Response to Conor Clarke, Part I

Last week Conor Clarke at The Atlantic blog , apparently as part of a running argument with Jim Manzi, raised four substantive issues with my study, “What to Do About Climate Change,” that Cato published last year. Mr. Clarke deserves a response, and I apologize for not getting to this sooner. Today, I’ll address the first part of his first comment. I’ll address the rest of his comments over the next few days.

Conor Clarke: 

(1) Goklany’s analysis does not extend beyond the 21st century. This is a problem for two reasons. First, climate change has no plans to close shop in 2100. Even if you believe GDP will be higher in 2100 with unfettered global warming than without, it’s not obvious that GDP would be higher in the year 2200 or 2300 or 3758. (This depends crucially on the rate of technological progress, and as Goklany’s paper acknowledges, that’s difficult to model.) Second, the possibility of “catastrophic” climate change events – those with low probability but extremely high cost – becomes real after 2100.

Response:  First, I wouldn’t put too much stock in analyses purporting to extend out to the end of the 21st century, let alone beyond that, for numerous reasons, some of which are laid out on pp. 2-3 of the Cato study. As noted there, according to a paper commissioned for the Stern Review, “changes in socioeconomic systems cannot be projected semi-realistically for more than 5–10 years at a time.”

Second, regarding Mr. Clarke’s statement that, “Even if you believe GDP will be higher in 2100 with unfettered global warming than without, it’s not obvious that GDP would be higher in the year 2200 or 2300 or 3758,” I should note that the conclusion that net welfare for 2100 (measured by net GDP per capita) is not based on a belief.  It follows inexorably from Stern’s own analysis.

Third, despite my skepticism of long term estimates, I have, for the sake of argument, extended the calculation to 2200. See here. Once again, I used the Stern Review’s estimates, not because I think they are particularly credible (see below), but for the sake of argument. Specifically, I assumed that losses in welfare due to climate change under the IPCC’s warmest scenario would, per the Stern Review’s 95th percentile estimate, be equivalent to 35.2 percent of GDP in 2200. [Recall that Stern’s estimates account for losses due to market impacts, non-market (i.e., environmental and public health) impacts and the risk of catastrophe, so one can’t argue that only market impacts were considered.]

The results, summarized in the following figure, indicate that even if one uses the Stern Review’s inflated impact estimates under the warmest IPCC scenario, net GDP in 2200 ought to be higher in the warmest world than in cooler worlds for both developing and industrialized countries.

Source: Indur M. Goklany, “Discounting the Future,” Regulation 32: 36-40 (Spring 2009).

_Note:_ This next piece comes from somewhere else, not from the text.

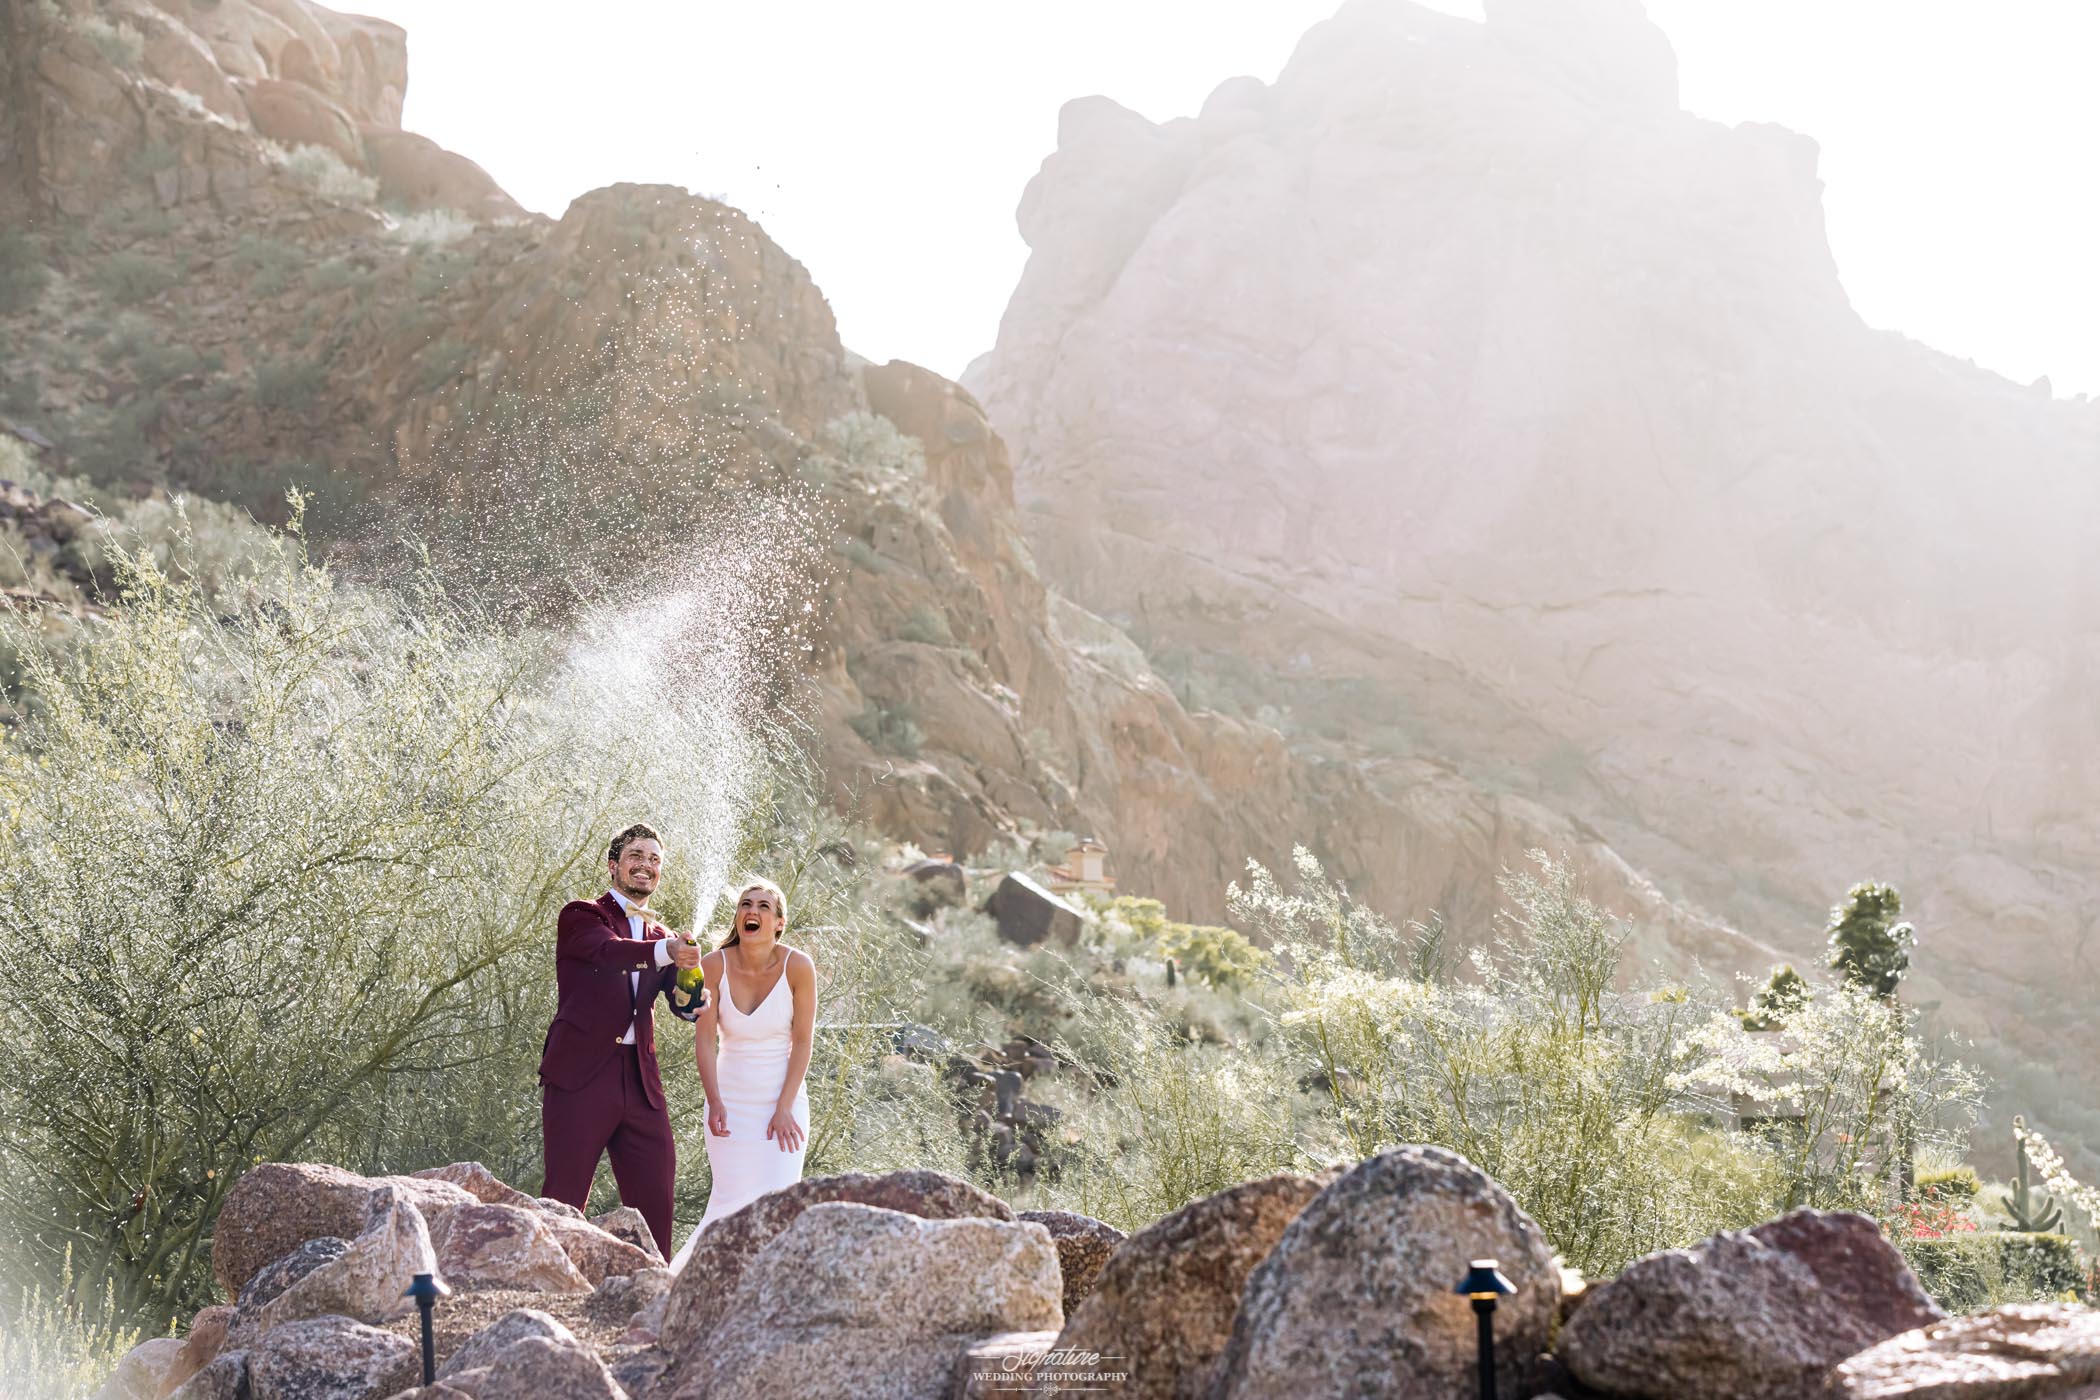 Groom spraying champagne with bride in desert

The costs of climate change used to develop the above figure are, most likely, overestimated because they do not properly account for increases in future adaptive capacity consistent with the level of net economic development resulting from Stern’s own estimates (as shown in the above figure).  This figure shows that even after accounting for losses in GDP per capita due to climate change – and inflating these losses – net GDP per capita in 2200 would be between 16 and 85 times higher in 2200 that it was in the baseline year (1990).  No less important, Stern’s estimate of the costs of climate change neglect secular technological change that ought to occur during the 210-year period extending from the base year (1990) to 2200. In fact, as shown here, empirical data show that for most environmental indicators that have a critical effect on human well-being, technology has, over decades-long time frames reduced impacts by one or more orders of magnitude.

As a gedanken experiment, compare technology (and civilization’s adaptive capacity) in 1799 versus 2009. How credible would a projection for 2009 have been if it didn’t account for technological change from 1799 to 2009?

I should note that some people tend to dismiss the above estimates of GDP on the grounds that it is unlikely that economic development, particularly in today’s developing countries, will be as high as indicated in the figure.  My response to this is that they are based on the very assumptions that drive the IPCC and the Stern Review’s emissions and climate change scenarios. So if one disbelieves the above GDP estimates, then one should also disbelieve the IPCC and the Stern Review’s projection for the future.

Fourth, even if analysis that appropriately accounted for increases in adaptive capacity had shown that in 2200 people would be worse off in the richest-but-warmest world than in cooler worlds, I wouldn’t get too excited just yet. Even assuming a 100-year lag time between the initiation of emission reductions and a reduction in global temperature because of a combination of the inertia of the climate system and the turnover time for the energy infrastructure, we don’t need to do anything drastic till after 2100 (=2200 minus 100 years), unless monitoring shows before then that matters are actually becoming worse (as opposing merely changing), in which case we should certainly mobilize our responses. [Note that change doesn’t necessarily equate to worsening. One has to show that a change would be for the worse.  Unfortunately, much of the climate change literature skips this crucial step.]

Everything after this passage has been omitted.